Exercise prompt: The full listing, copied exactly and free of pictures, is the expected reply.

Data block:
....
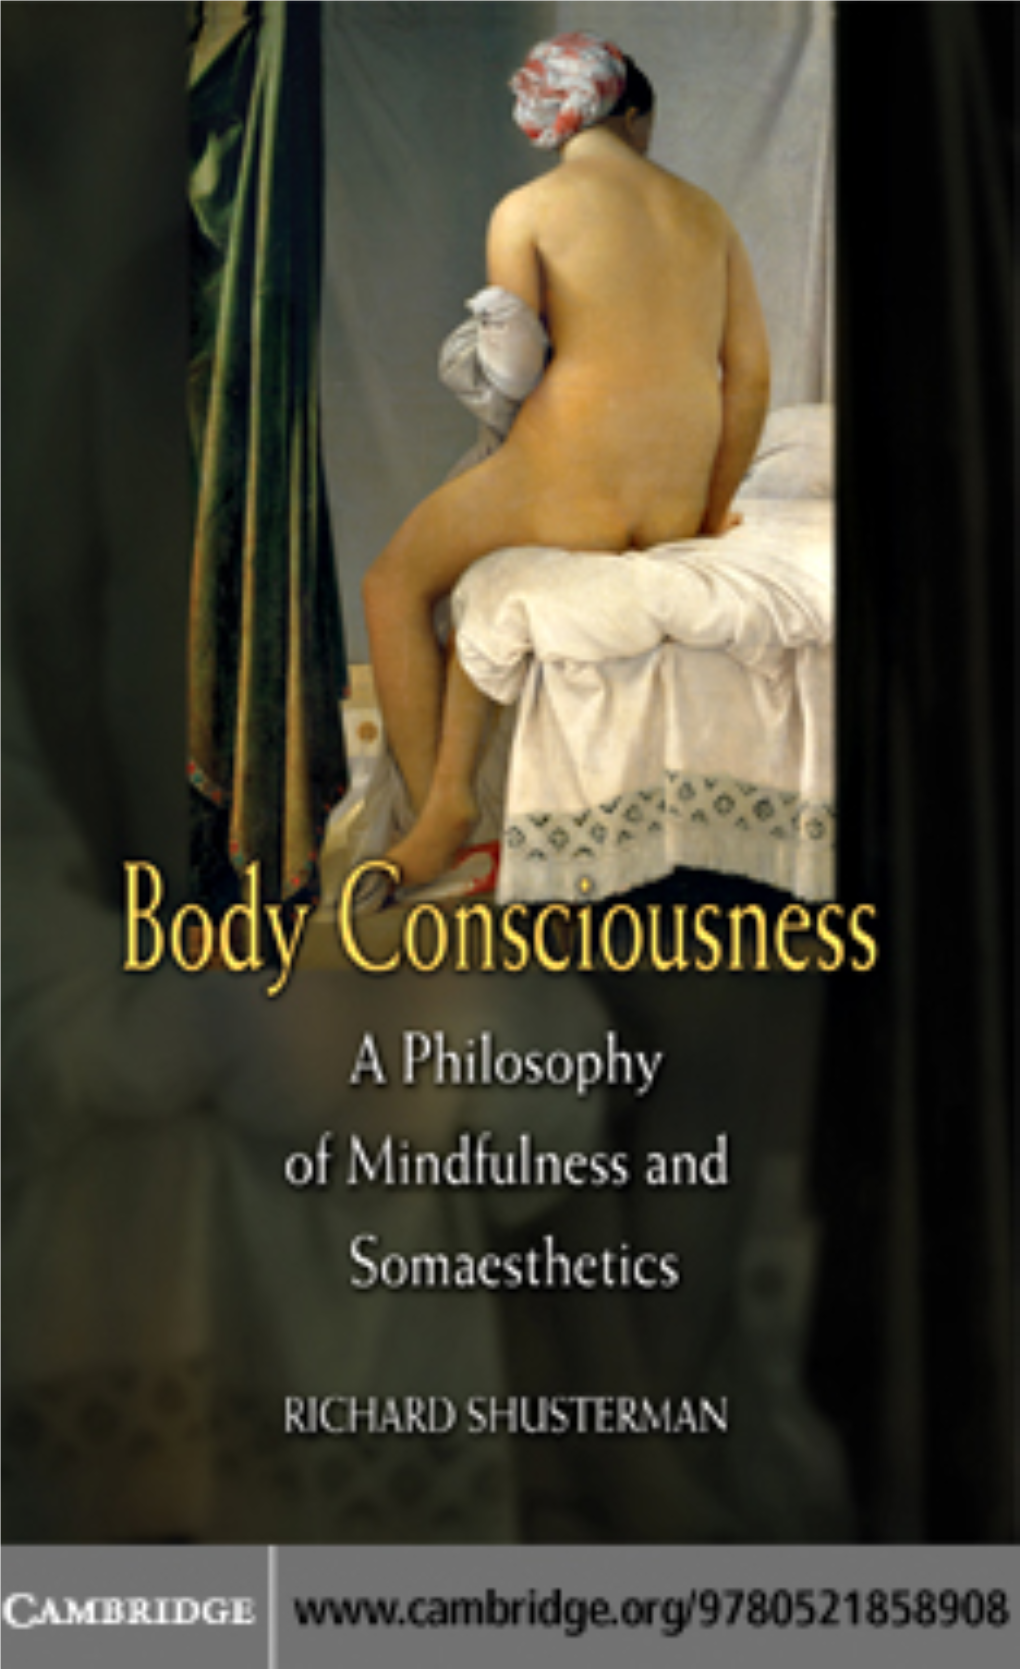 Body Consciousness: a Philosophy of Mindfulness and Somaesthetics
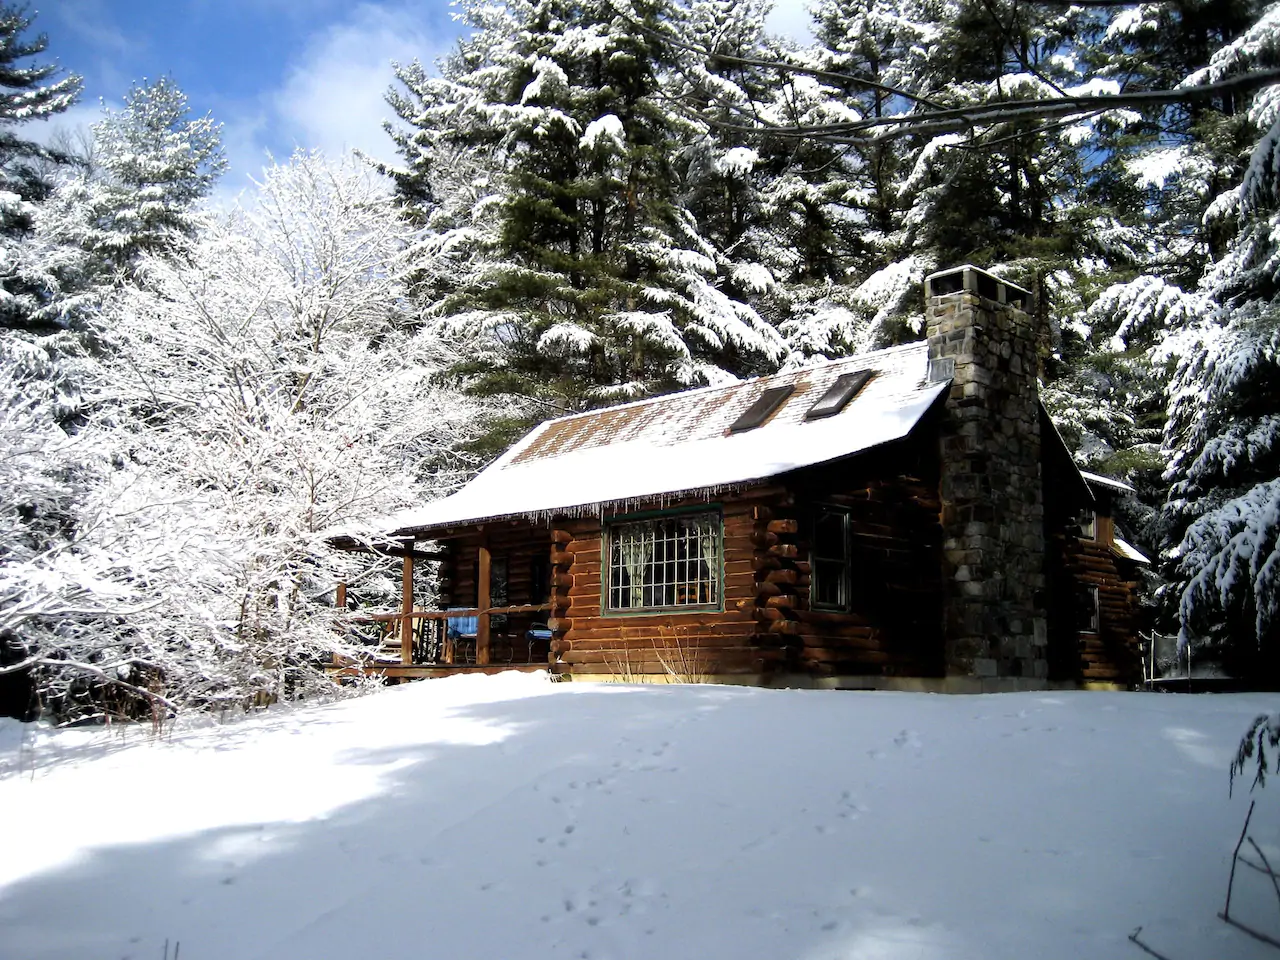 Cottage in the woods in the snow
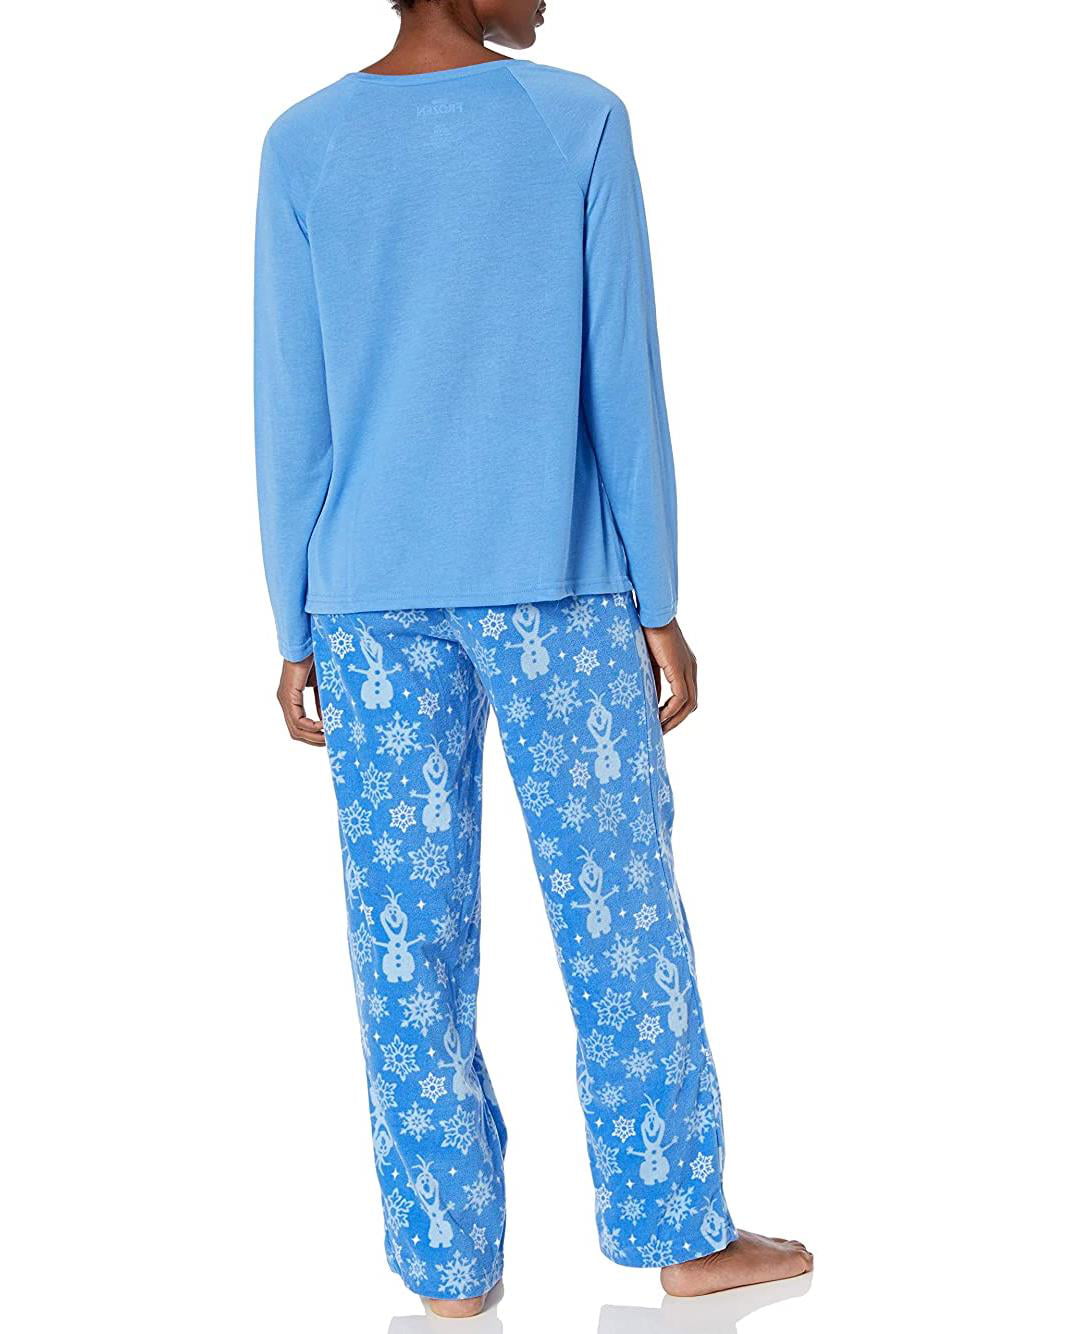 Details about   Womens Briefly Stated Frozen 2 Stronger Together Fleece Pajamas Sleep Set NWT
....
Response to the task:
 Body Consciousness: a Philosophy of Mindfulness and Somaesthetics
 Cottage in the woods in the snow
 Details about   Womens Briefly Stated Frozen 2 Stronger Together Fleece Pajamas Sleep Set NWT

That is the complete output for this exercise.